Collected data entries

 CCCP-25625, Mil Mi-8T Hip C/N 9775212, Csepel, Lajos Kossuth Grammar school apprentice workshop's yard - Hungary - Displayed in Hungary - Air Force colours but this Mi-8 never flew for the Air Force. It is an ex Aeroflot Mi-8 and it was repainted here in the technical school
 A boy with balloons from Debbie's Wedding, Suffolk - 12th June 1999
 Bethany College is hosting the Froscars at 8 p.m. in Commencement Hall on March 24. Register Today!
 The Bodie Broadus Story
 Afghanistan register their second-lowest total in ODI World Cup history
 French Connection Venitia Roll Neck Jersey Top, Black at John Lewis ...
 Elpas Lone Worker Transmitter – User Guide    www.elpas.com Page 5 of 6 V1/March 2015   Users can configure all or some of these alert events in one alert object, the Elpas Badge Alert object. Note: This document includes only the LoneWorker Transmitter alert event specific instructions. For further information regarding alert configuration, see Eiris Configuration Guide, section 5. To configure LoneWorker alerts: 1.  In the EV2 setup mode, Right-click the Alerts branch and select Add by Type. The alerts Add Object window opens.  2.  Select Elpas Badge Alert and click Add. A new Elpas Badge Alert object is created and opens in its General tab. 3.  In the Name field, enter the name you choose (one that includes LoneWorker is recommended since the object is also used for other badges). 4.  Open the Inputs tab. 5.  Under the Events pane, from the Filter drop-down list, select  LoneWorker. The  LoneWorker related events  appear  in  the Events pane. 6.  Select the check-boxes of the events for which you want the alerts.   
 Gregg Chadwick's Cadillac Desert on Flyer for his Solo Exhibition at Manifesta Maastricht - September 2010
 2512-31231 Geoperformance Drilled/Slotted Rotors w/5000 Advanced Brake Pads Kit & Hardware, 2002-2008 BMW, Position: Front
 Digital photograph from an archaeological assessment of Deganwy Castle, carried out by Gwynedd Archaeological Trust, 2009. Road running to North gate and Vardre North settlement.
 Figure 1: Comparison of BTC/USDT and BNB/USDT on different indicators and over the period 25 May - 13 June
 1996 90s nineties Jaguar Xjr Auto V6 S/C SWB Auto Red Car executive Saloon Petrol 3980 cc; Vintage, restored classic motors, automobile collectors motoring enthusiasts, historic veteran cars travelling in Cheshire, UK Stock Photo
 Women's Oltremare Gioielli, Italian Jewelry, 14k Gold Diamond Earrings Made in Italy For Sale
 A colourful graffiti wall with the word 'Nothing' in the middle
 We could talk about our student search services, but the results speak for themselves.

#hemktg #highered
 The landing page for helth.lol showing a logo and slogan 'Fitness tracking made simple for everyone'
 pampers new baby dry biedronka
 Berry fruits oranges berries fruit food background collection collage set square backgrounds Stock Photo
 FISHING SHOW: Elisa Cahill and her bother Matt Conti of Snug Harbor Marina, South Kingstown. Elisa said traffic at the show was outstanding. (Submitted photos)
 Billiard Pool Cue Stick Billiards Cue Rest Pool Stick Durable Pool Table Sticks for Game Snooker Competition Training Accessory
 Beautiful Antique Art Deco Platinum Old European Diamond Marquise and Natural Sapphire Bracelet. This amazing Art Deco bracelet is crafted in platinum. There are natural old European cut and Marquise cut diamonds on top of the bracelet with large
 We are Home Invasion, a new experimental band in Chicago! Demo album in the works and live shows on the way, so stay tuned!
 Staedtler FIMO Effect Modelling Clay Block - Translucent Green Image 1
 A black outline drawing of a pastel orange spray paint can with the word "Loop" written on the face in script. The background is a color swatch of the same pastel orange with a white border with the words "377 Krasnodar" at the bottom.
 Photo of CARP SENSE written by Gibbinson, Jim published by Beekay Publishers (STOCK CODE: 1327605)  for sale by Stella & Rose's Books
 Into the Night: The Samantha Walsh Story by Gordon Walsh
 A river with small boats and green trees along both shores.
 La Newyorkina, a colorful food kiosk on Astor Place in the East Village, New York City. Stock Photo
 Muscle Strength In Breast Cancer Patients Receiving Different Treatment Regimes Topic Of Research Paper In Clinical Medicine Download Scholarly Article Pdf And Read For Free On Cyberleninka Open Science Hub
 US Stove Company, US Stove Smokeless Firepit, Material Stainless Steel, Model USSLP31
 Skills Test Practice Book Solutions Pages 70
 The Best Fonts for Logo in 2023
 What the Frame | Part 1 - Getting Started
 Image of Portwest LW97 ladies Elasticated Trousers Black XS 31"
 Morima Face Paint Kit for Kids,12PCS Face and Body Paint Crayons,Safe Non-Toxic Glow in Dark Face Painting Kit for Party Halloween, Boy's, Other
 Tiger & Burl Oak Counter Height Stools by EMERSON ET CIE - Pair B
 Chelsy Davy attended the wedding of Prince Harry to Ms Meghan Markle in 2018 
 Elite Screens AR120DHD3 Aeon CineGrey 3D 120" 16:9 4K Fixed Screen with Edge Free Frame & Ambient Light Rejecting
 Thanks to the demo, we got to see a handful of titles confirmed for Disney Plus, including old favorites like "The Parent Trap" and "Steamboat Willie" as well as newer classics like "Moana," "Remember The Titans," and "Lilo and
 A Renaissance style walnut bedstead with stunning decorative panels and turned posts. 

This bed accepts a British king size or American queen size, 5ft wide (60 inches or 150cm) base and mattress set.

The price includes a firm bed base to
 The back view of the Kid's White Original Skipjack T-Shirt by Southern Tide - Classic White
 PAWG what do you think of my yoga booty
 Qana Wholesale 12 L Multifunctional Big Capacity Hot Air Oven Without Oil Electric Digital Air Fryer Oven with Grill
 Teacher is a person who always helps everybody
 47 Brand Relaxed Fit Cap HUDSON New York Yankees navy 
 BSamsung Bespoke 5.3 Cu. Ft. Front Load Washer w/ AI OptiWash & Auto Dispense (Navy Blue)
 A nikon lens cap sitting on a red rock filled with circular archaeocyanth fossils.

Exercise instructions:
Could you repeat exactly the lines above from the line with "Digital photograph from" up to and including the line with "#hemktg #highered", and only those?

Solution for this exercise:
 Digital photograph from an archaeological assessment of Deganwy Castle, carried out by Gwynedd Archaeological Trust, 2009. Road running to North gate and Vardre North settlement.
 Figure 1: Comparison of BTC/USDT and BNB/USDT on different indicators and over the period 25 May - 13 June
 1996 90s nineties Jaguar Xjr Auto V6 S/C SWB Auto Red Car executive Saloon Petrol 3980 cc; Vintage, restored classic motors, automobile collectors motoring enthusiasts, historic veteran cars travelling in Cheshire, UK Stock Photo
 Women's Oltremare Gioielli, Italian Jewelry, 14k Gold Diamond Earrings Made in Italy For Sale
 A colourful graffiti wall with the word 'Nothing' in the middle
 We could talk about our student search services, but the results speak for themselves.

#hemktg #highered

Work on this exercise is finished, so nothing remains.